▶ WHAT THIS TASK INVOLVES
Repeat the lines from the one containing "Vital Signs: The" through the last line of the data, exactly, pictures omitted.

▶ STORED DATA
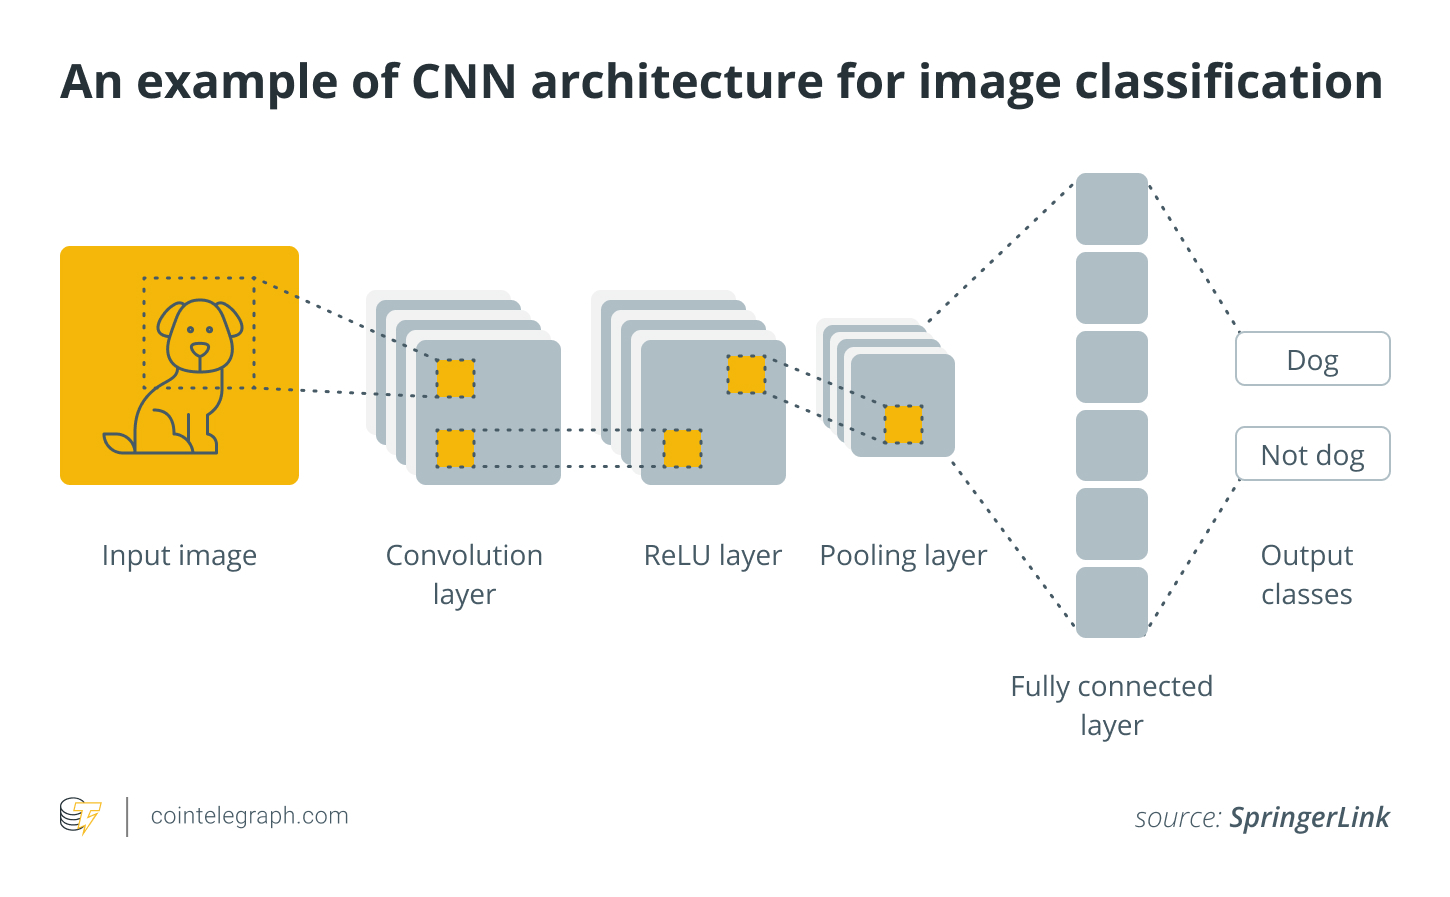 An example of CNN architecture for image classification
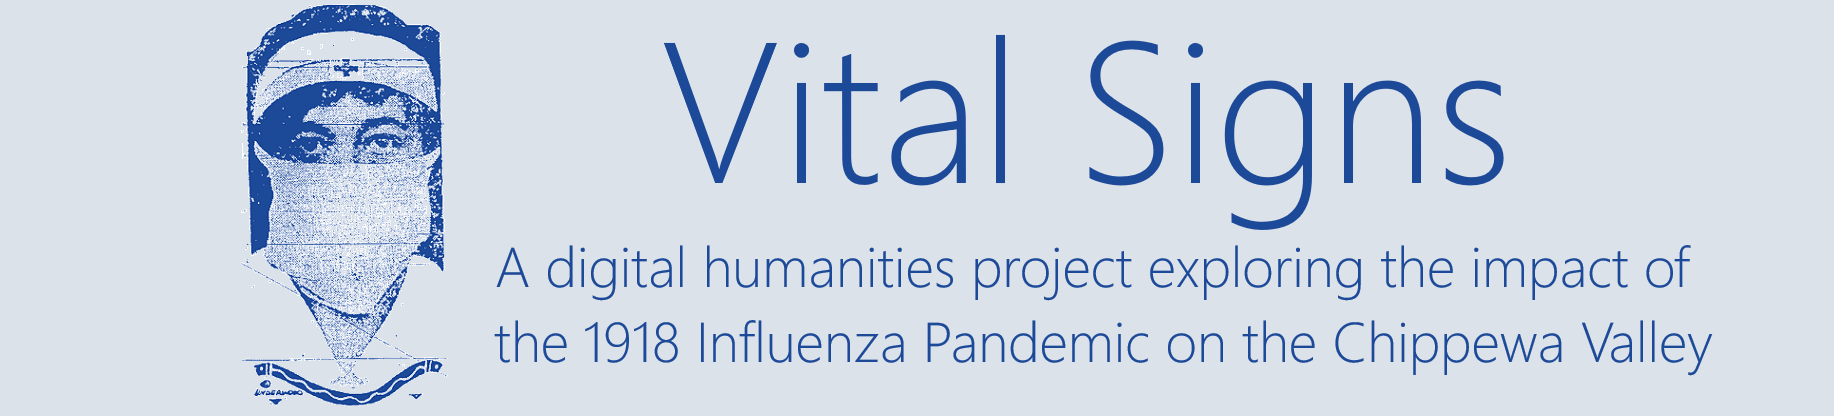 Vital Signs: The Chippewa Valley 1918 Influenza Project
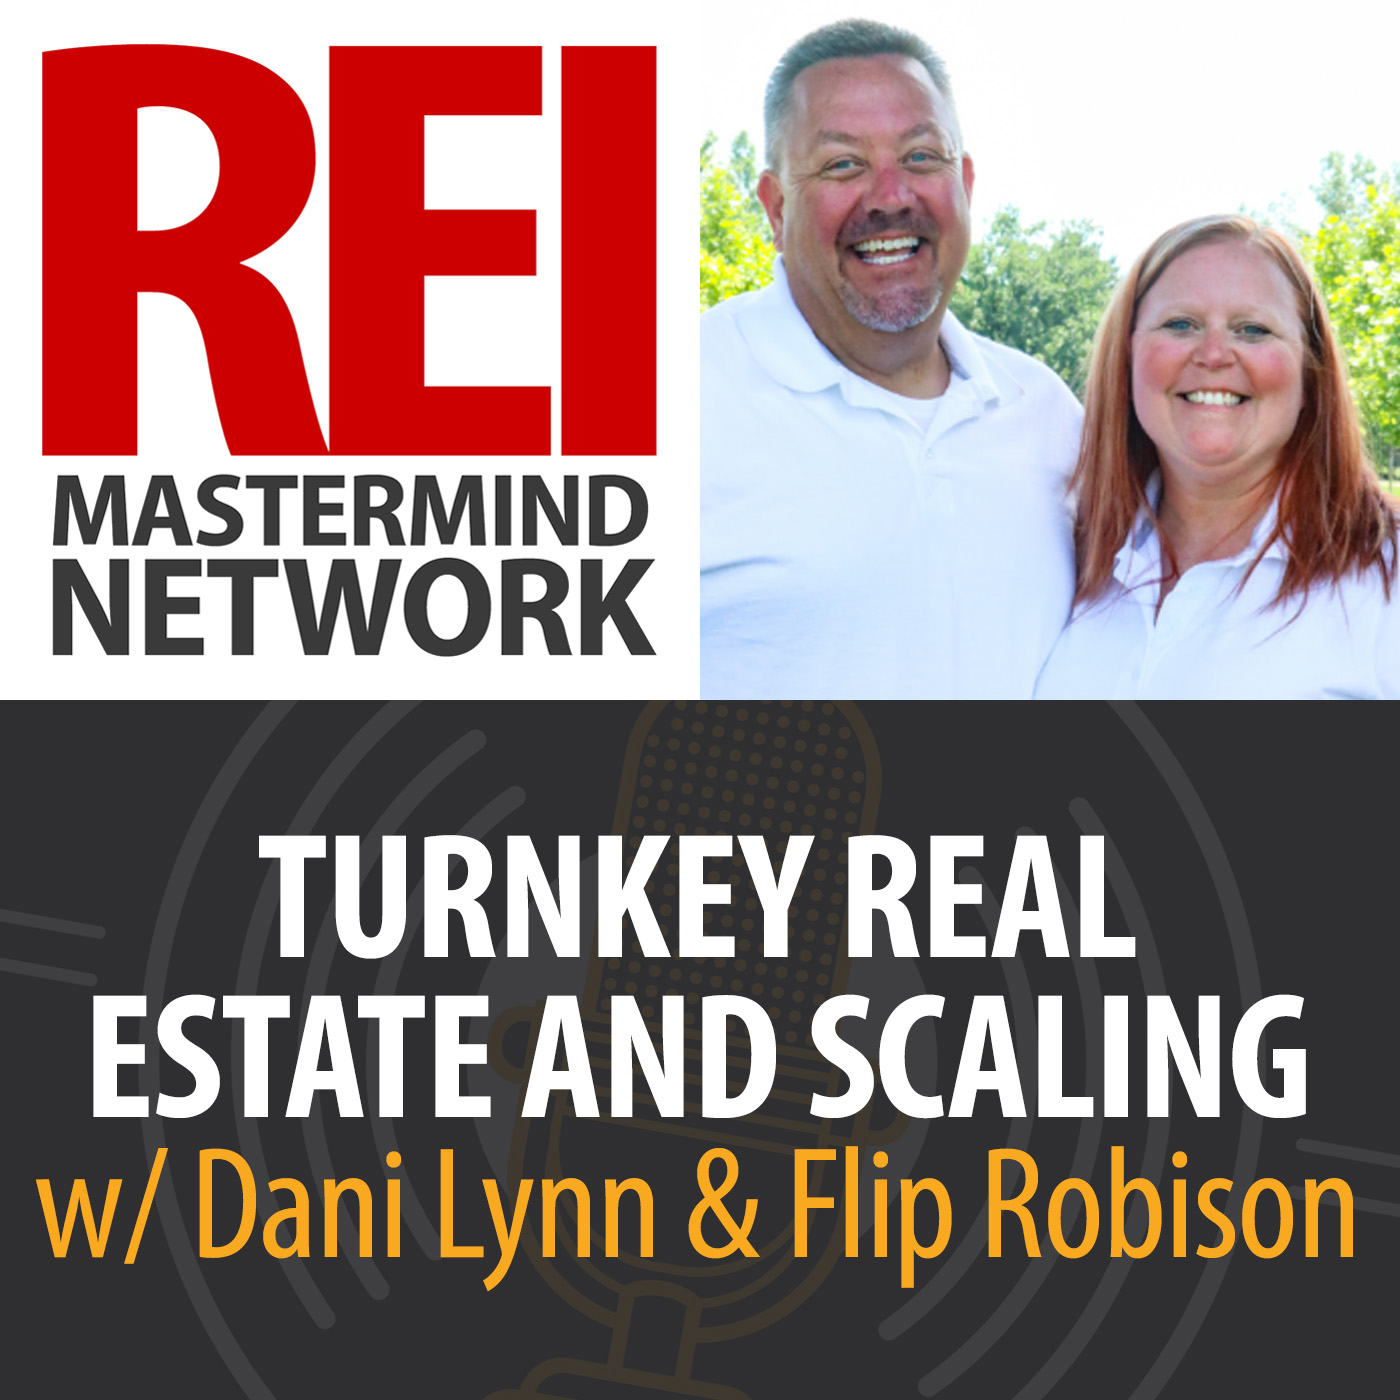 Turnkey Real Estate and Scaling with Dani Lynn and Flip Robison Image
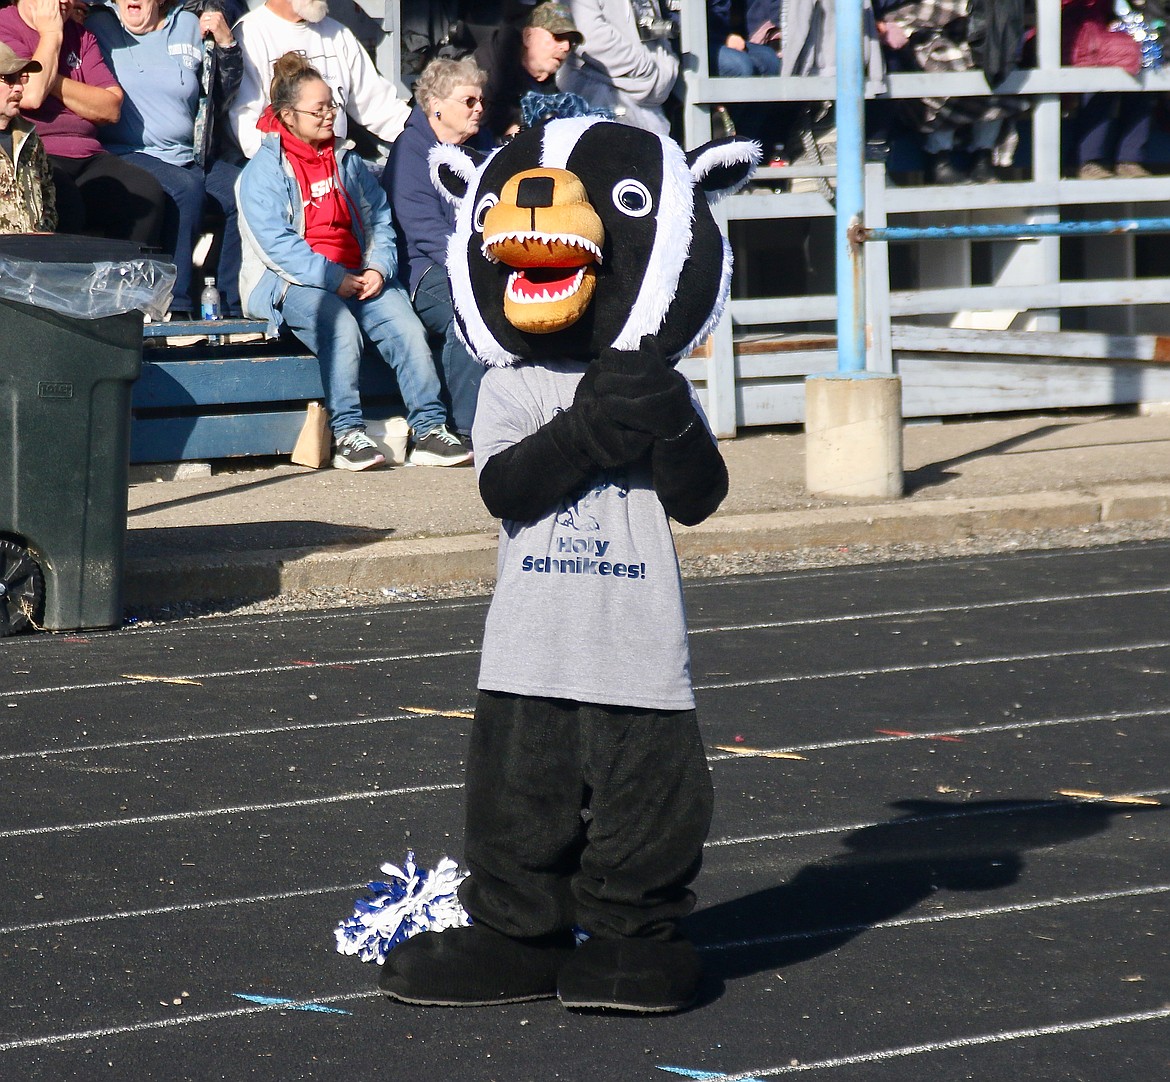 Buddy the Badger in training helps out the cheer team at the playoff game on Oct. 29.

▶ THE COMPLETED TASK
 Vital Signs: The Chippewa Valley 1918 Influenza Project
 Turnkey Real Estate and Scaling with Dani Lynn and Flip Robison Image
 Buddy the Badger in training helps out the cheer team at the playoff game on Oct. 29.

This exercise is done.